Developers can then utilise the Nemotron-4 340B Reward model to filter for high-quality responses, which will improve the quality of the AI-generated data. Five criteria are used by Nemotron-4 340B Reward to score responses: verbosity, coherence, accuracy, helpfulness, and complexity. As of right now, it holds the top spot on the AI2-created Hugging Face RewardBench scoreboard, which assesses the strengths, vulnerabilities, and safety of reward models.

By combining their private data with the included HelpSteer2 dataset, researchers can further customise the Nemotron-4 340B Base model to construct their own teach or reward models.

Large language models (LLMs) such as Nemotron-4-340B-Base can be utilised in a synthetic data production pipeline to produce training data that aids in the development of LLMs by researchers and developers.
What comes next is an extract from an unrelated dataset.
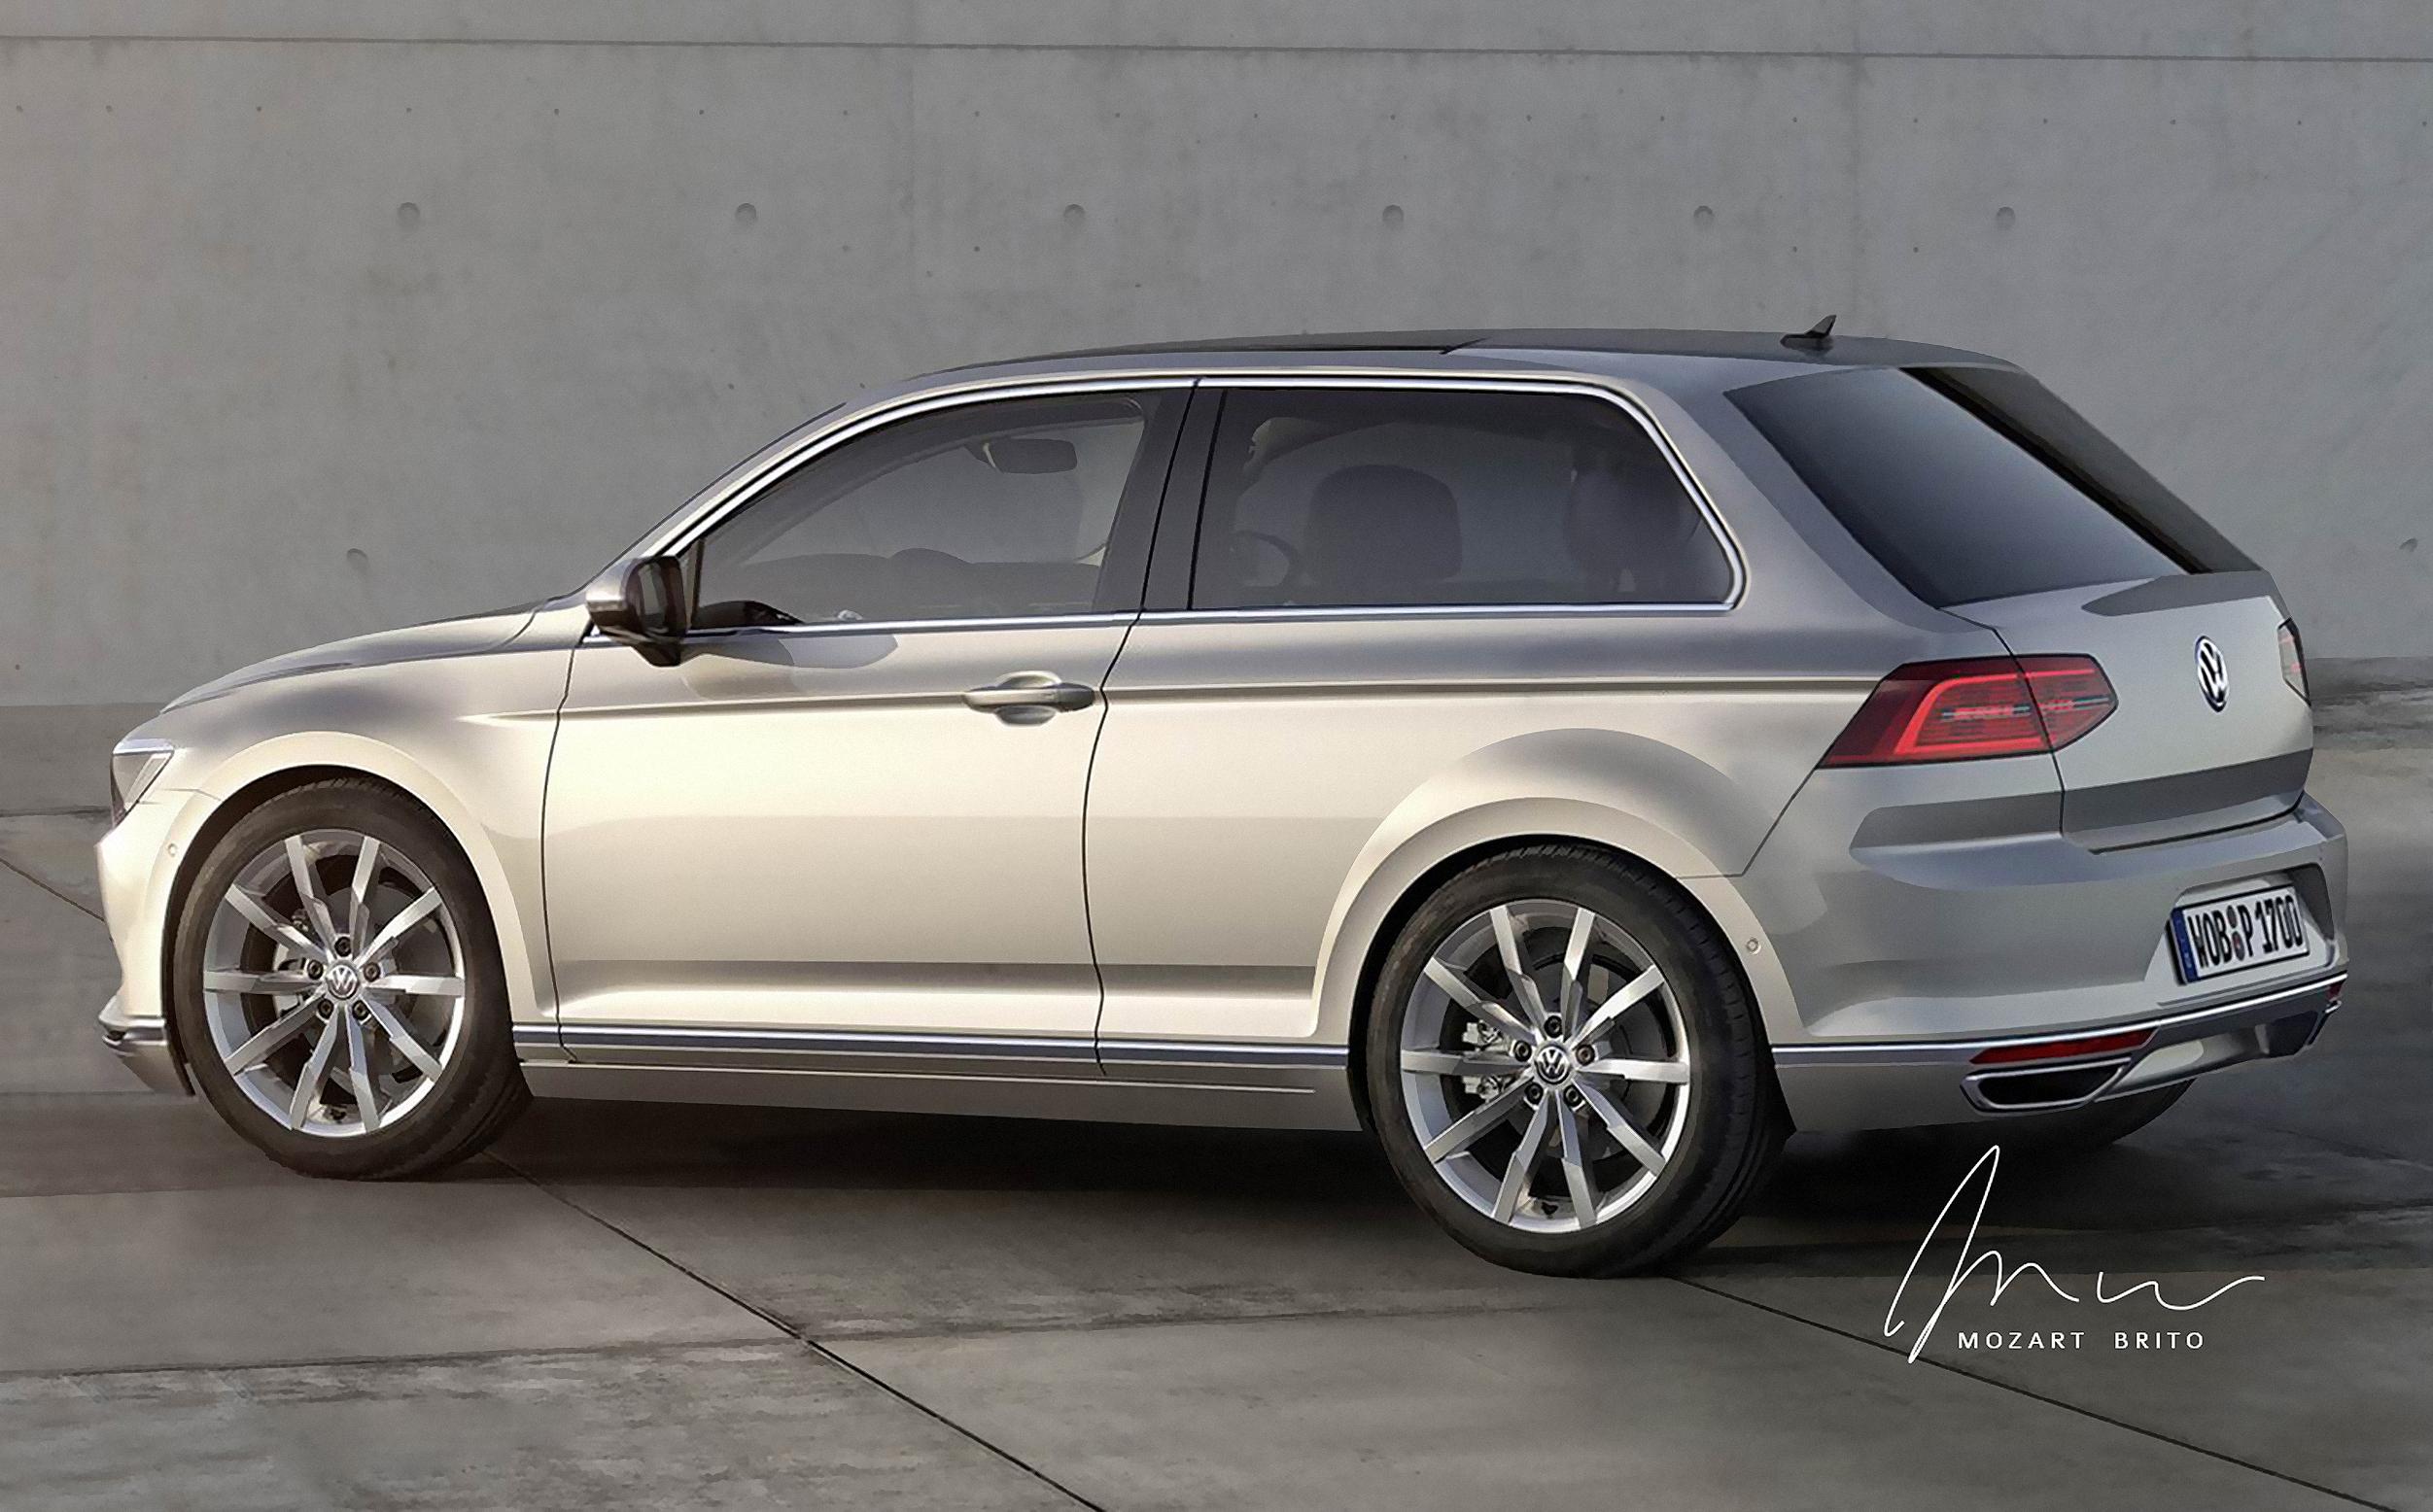 VW Brasilia 2 - Mozart Brito

With 4,096 tokens in the context, this model supports 340 billion parameters. It has been pre-trained on a total of 9 trillion tokens, which include more than 40 coding languages, more than 50 natural languages, and a wide range of English-based writings.
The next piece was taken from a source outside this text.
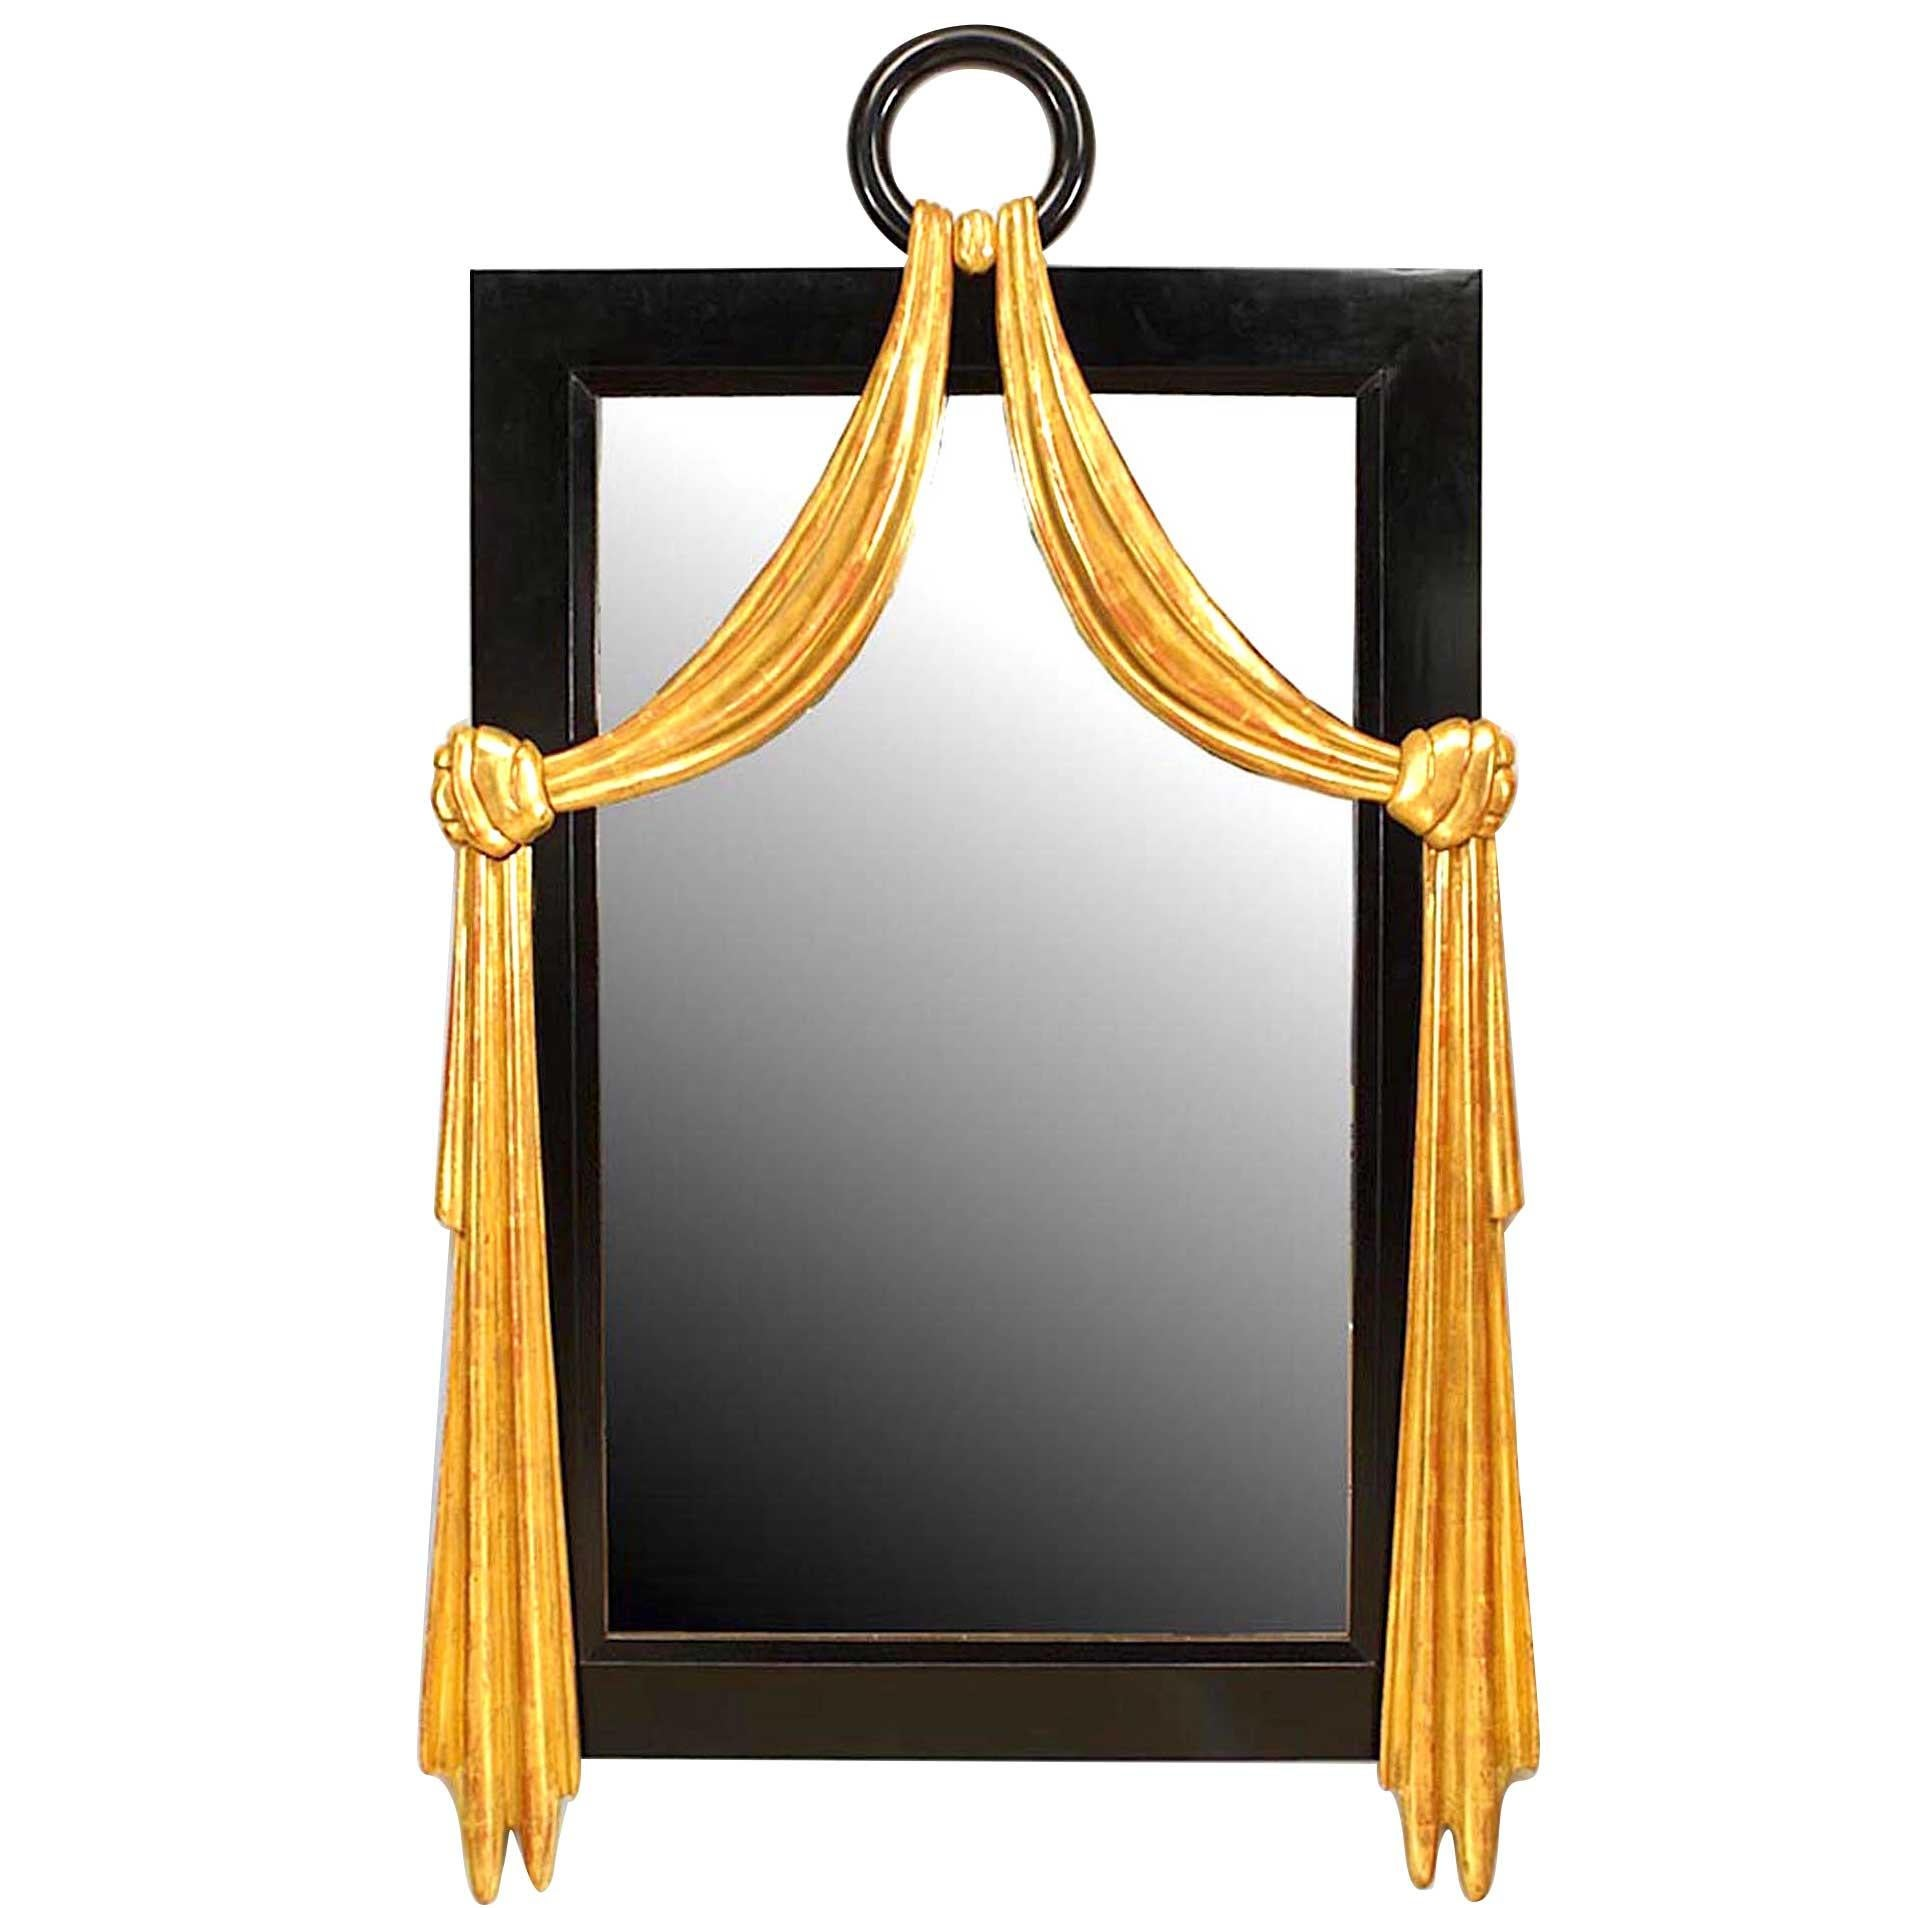 French Art Deco Style Ebonized Wall Mirror with Gilt Swag

To enhance the quality of the pre-trained model, a continuous pre-training of 1 trillion tokens was carried out on top of the pre-trained model following an initial pre-training phase of 8 trillion tokens. NVIDIA changed the distribution of the data used during continuous pre-training from the one that was present at the start of training.
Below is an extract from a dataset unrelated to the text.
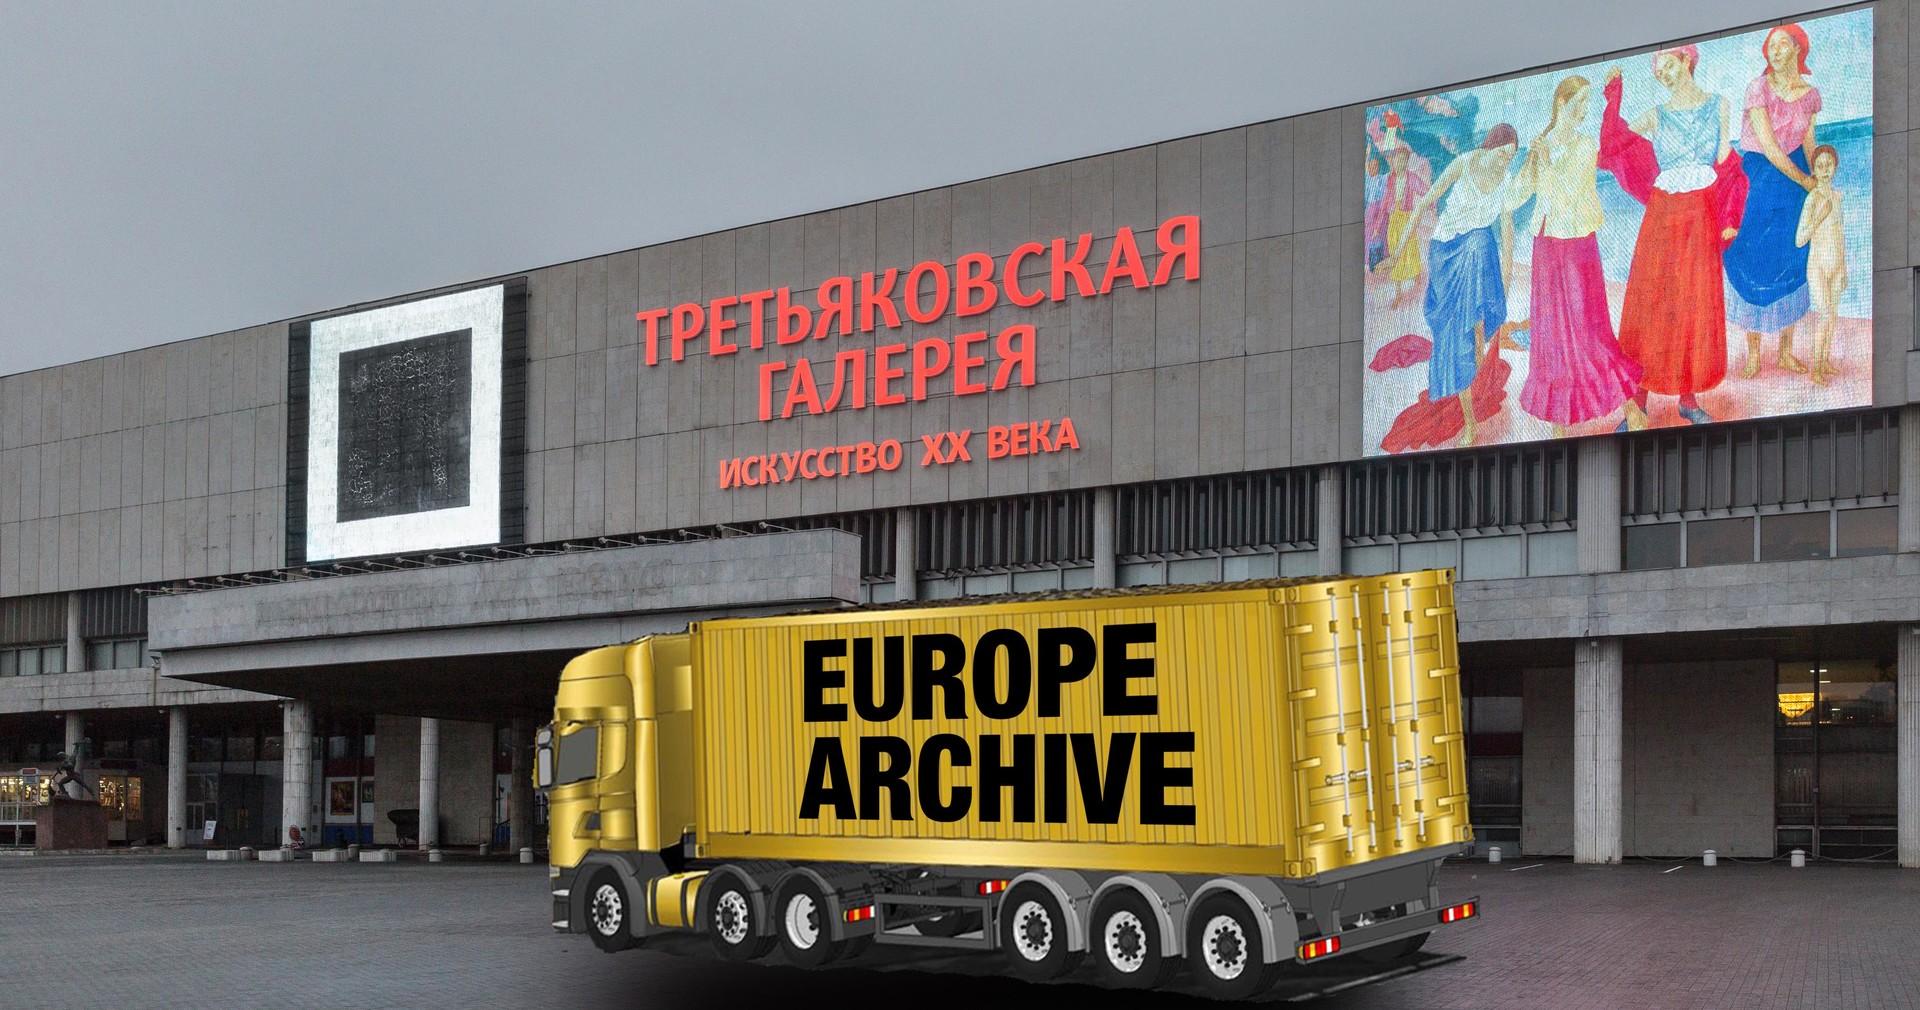 Erik Kessels & Thomas Mailaender, Europe Archive, 2020

TensorRT-LLM Inference Optimisation, NeMo Fine-Tuning

Developers can maximise the effectiveness of their instruct and reward models to provide synthetic data and score responses by utilising the open-source NVIDIA NeMo and NVIDIA TensorRT-LLM.

Tensor parallelism a kind of model parallelism in which individual weight matrices are divided among several GPUs and servers is a sort of parallelism that is optimised into all Nemotron-4 340B models using TensorRT-LLM. This allows for effective inference at scale.

Nemotron-4 340B the NeMo architecture allows Base, which was trained on 9 trillion tokens, to be tailored to certain use cases or domains. Extensive pretraining data aids in this fine-tuning process, which produces outputs that are more accurate for particular downstream tasks.

The NeMo framework offers a range of customisation options, such as parameter-efficient fine-tuning techniques like low-rank adaptation, or LoRA, and supervised fine-tuning techniques.

Developers can use NeMo Aligner and datasets annotated by Nemotron-4 340B Reward to align their models and improve model quality. Using methods like reinforcement learning from human feedback (RLHF), a model’s behaviour is refined during alignment, a crucial phase in LLM training, to make sure its outputs are accurate, safe, acceptable for the context, and compatible with the model’s stated goals.

NeMo and TensorRT-LLM are also available to businesses via the cloud-native NVIDIA AI Enterprise software platform, which offers rapid and effective runtimes for generative AI foundation models. This platform is ideal for those looking for enterprise-grade support and security for production environments.

Assessing Model Security and Beginning

After undergoing a thorough safety examination that included adversarial tests, the Nemotron-4 340B Instruct model demonstrated good performance over a broad spectrum of risk indicators. It is still important for users to carefully assess the model’s outputs to make sure the artificially created data is appropriate, secure, and accurate for their use case.